Settling into a Routine

Settling into a Routine

We sleep until almost 9:00 A.M. My muscles hurt from yesterday’s ride and my sore throat is turning into a cold. We spend a quiet morning in our apartment. I make coffee and send e-mail. Art goes out for a ride returning with sashimi and sushi. There is a fish market just a few minutes from us. Following Art’s directions, John and I walk the 10 minutes to the fish market. Our route is below the freeway overpass and we walk past many tombs. These family tombs are either cut into the cliff side or freestanding. They are usually about the size of a one or two car garage and have a “turtle shell” style roof. The tombs contain urns with the washed bones of the deceased. We see these tombs most everywhere; tucked between houses and apartment buildings, along road sides and cut into cliffs. The warehouse is in an industrial part of the harbor and houses about 50 stalls. It is sparkling clean and well lit. Some vendors are selling prepackaged sashimi, others whole fish, octopus, crabs, lobsters and even rock fish and fugu. I imagine that this market is predominately a wholesale outlet but I’m delighted to have the freshest source of seafood available to us within walking distance.

Back in our apartment we each attempt to get to work. Art works a bit on Okinawa.com while I organize my wax table and begin to work. I don’t have good light and the chair is too high for my desk. I wander the apartment, moving available lamps and try to adjust the height of my table to my chair.

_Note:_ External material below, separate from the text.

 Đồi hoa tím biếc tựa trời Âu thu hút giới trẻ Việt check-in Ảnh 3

By sitting on the bathroom stool and piling three of John’s text books on top, I achieve the correct height, but I am not going to be able to work without a good lamp. Art agrees to bicycle out and buy me a clip on light while John and I set out to Heiwadori Street to purchase a beetle. I take out our city map but it is all in Japanese and will not do me much good so I wing it and we ride our bicycles down Highway 58 cutting inland in what I hope is the direction of Kokusai Street. I am right on target and we arrive at the market within 15 minutes. Yesterday we discovered that it isn’t the season for Rhinoceros beetles so John has decided to adopt an Okinawa beetle. This end of the market is quiet and John gets the attention of the beetle vendor who lethargically rises and helps John choose his beetle. The man takes several beetles out and one pinches onto his finger and he grimaces from the pain. I realize that am not going to want to hold this beetle. Naturally John wants the biggest one available and ends up choosing a species from Indonesia. The tiny plastic cages are partitioned in half and it isn’t until John pays for his beetle that the vendor points out that there is a female beetle buried deep in the bedding of the other half of the cage. The female beetle is much smaller and has no pinchers. John is delighted that he gets two beetles for the price of one.

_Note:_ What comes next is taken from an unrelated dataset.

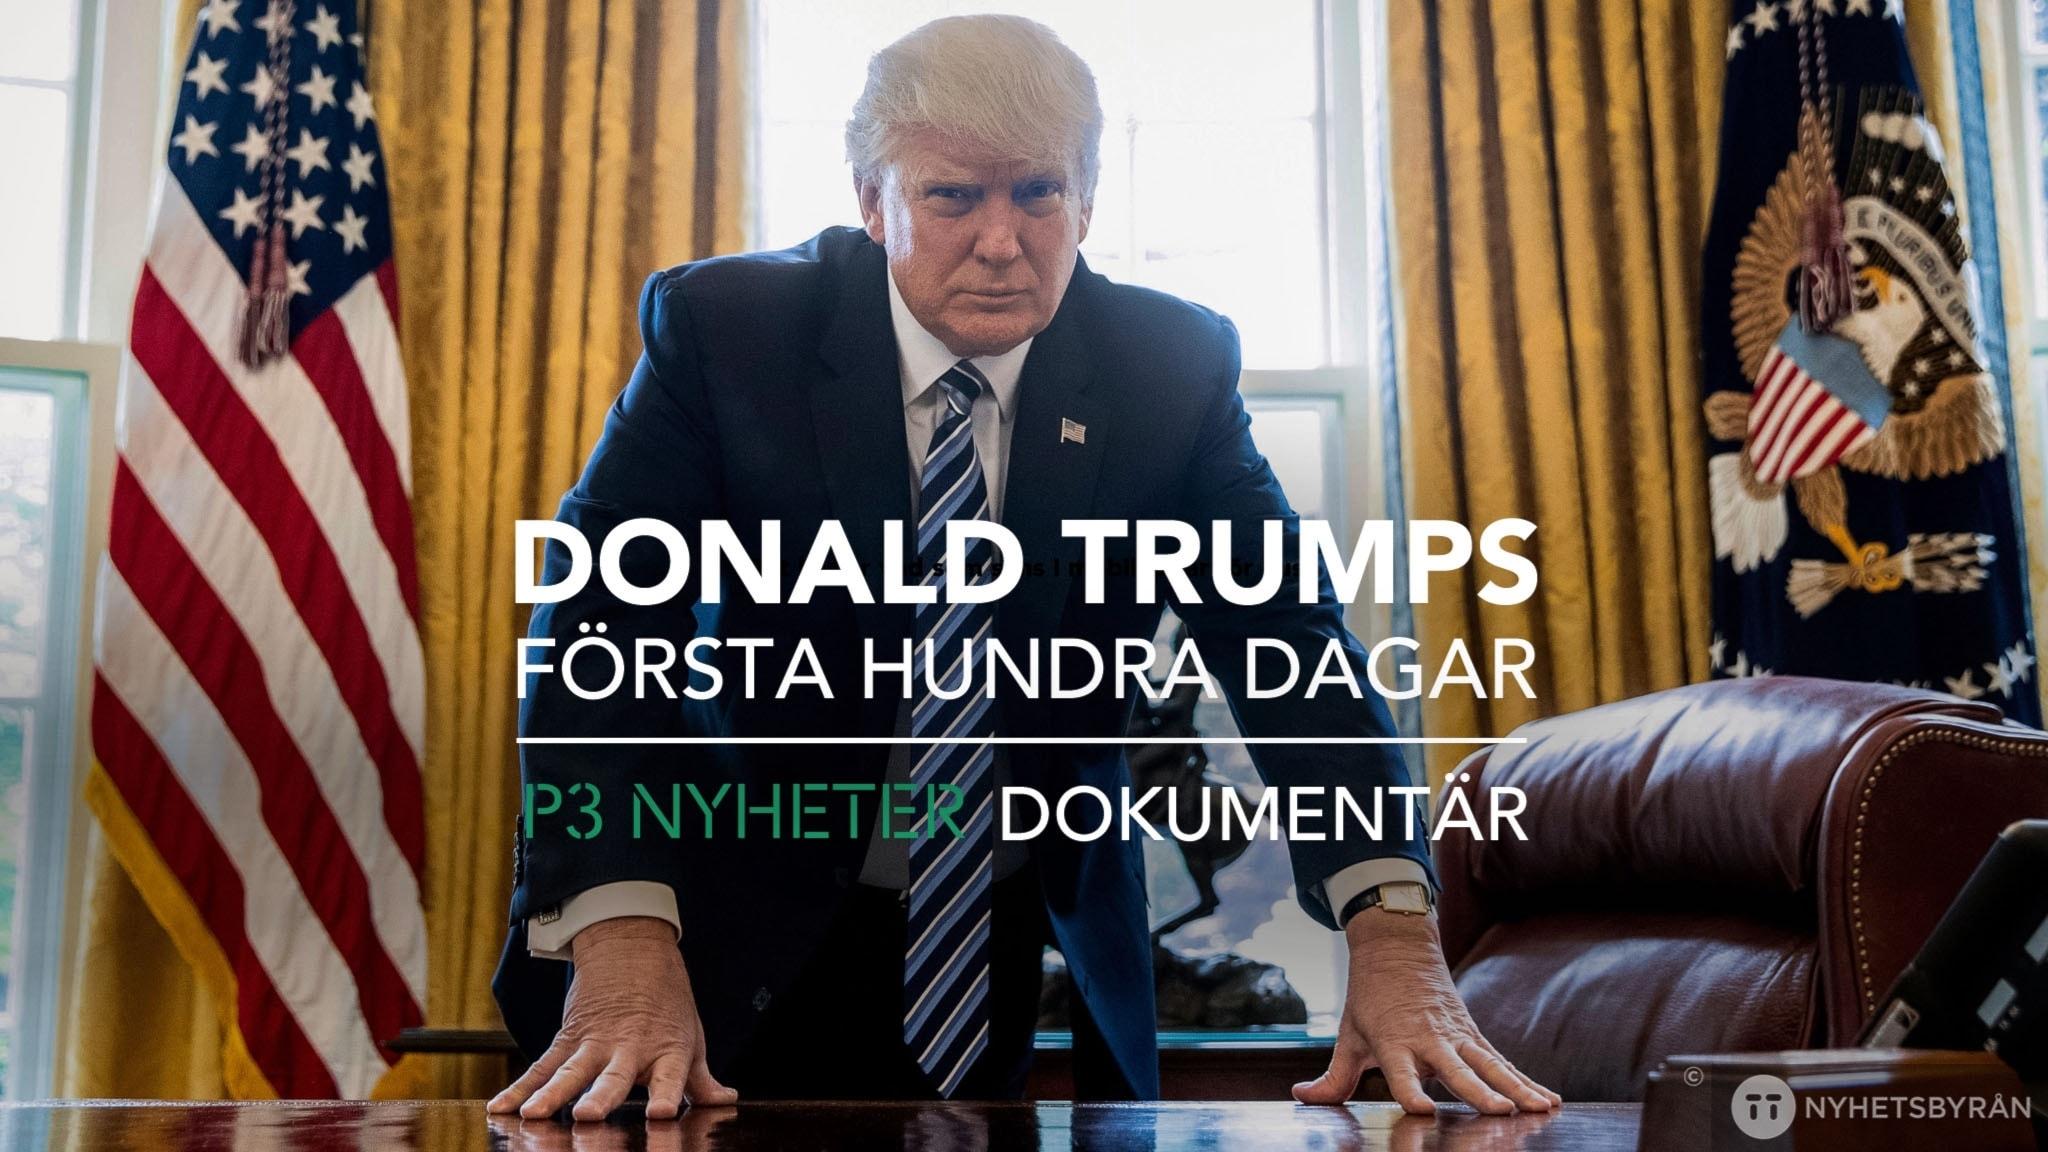 P3 Nyheter Dokumentär - Donald Trumps första 100 dagar

We now need beetle food, bedding and a larger cage so John and I ride in what I hope is the direction of Shintoshin and the Pet Box. Without a map, I decide that the best approach is to follow the Monorail, so we ride along the road beneath it and soon arrive at the Shintoshin Station. We know our way around this district and it’s just a few blocks to the Pet Box and the supermarket. At Pet Box, John shows the cashier his beetles and asks if he can put the male and female together? Through sign language she communicates that they will fight, so John purchases a larger cage for Frack and decides to use the smaller cage for Frick. He chooses the necessary beetle accessories and pays with his own money. John is anxious to get his beetle condo’s set up so I allow him to bike home on his own while I go to the supermarket. This is my first solo shopping trip and I take my time choosing the food and deciphering the labels on the laundry detergent and mouth wash.

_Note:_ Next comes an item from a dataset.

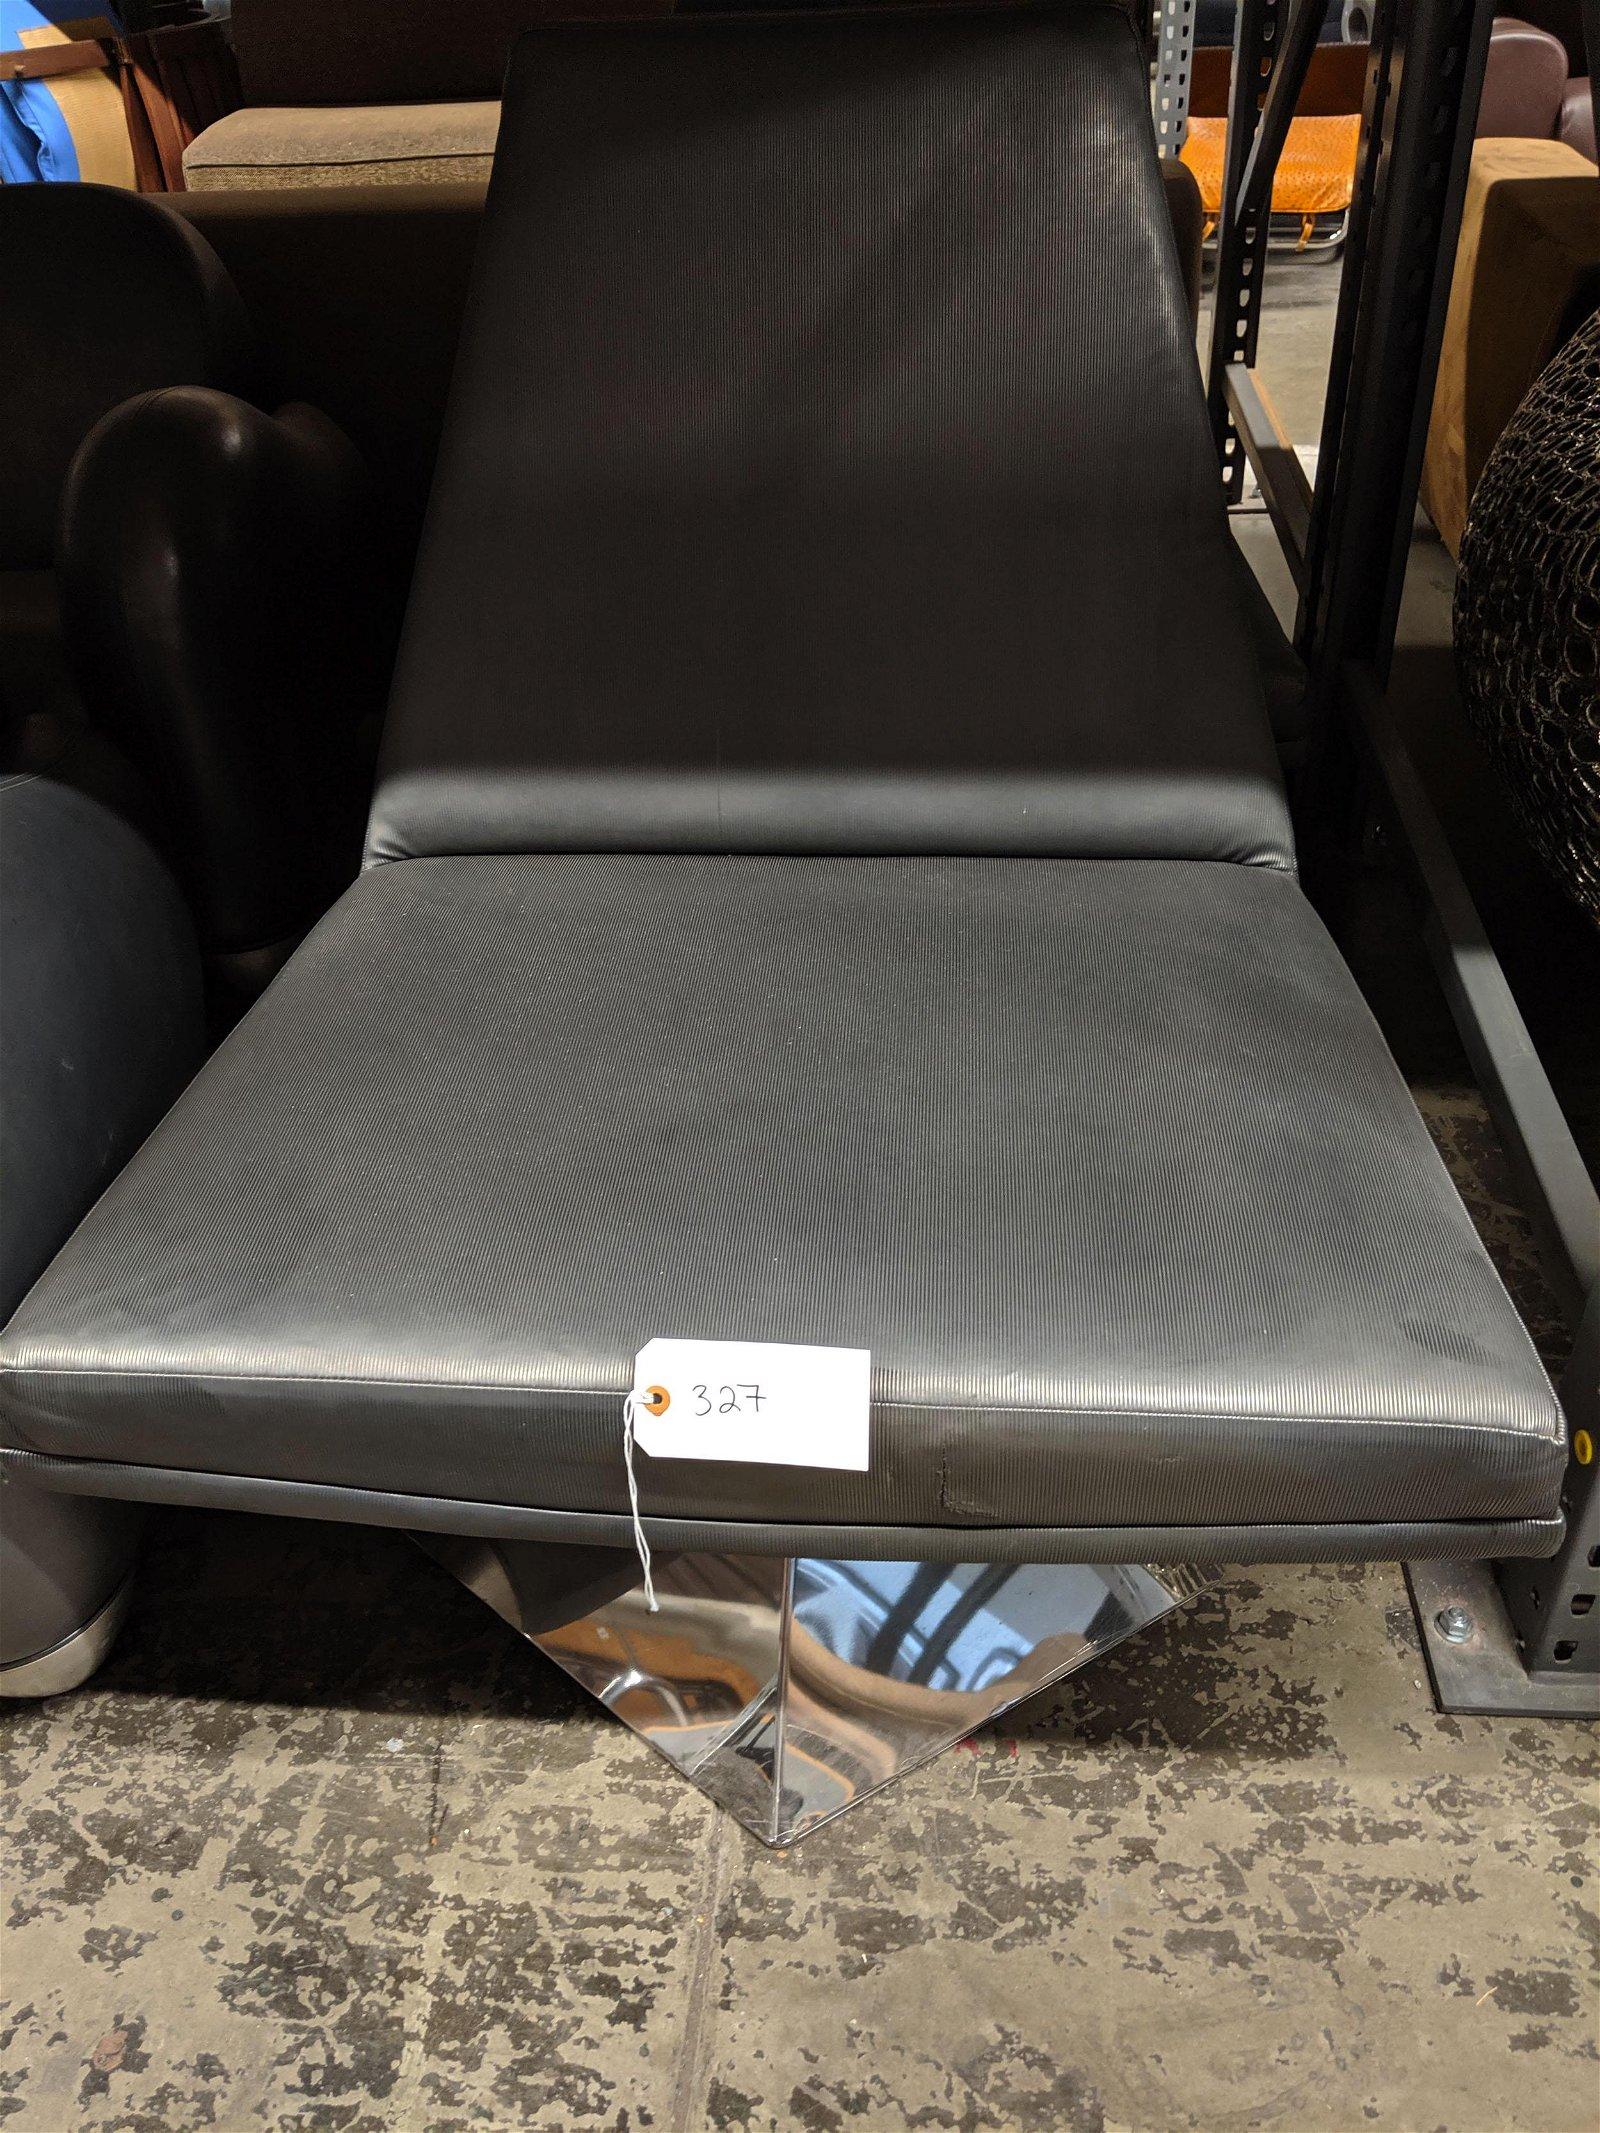 Sci Fi Chairs (2)

It’s late afternoon before we are all back in the apartment. John busies himself with his beetles and then sits on the couch watching preschool television, holding Frack. I hope that John will learn something from this Japanese equivalent of Sesame Street and I plug in my new clip on light sit down and do waxes to the drone of the television. I am sneezing and my nose is running and I am feeling sick. I take a cold and flu capsule. I work for an hour but accomplish little and it’s almost dinner time so I busy myself in our tiny kitchen and cook our first dinner at home. Art helps me decipher the control panel on our washing machine and I do two loads of laundry. The stacking washer and dryer are beside the sink in our bathroom and are tiny by American standards.

Art leaves to go the the Makishi Dojo to find out about Karate Classes. He returns shortly, we eat dinner and Art and John go back to the Dojo for an 8:00 P.M. class. I am drugged from the cold and flu capsule but I manage to fold the laundry and wash the dishes before falling into bed.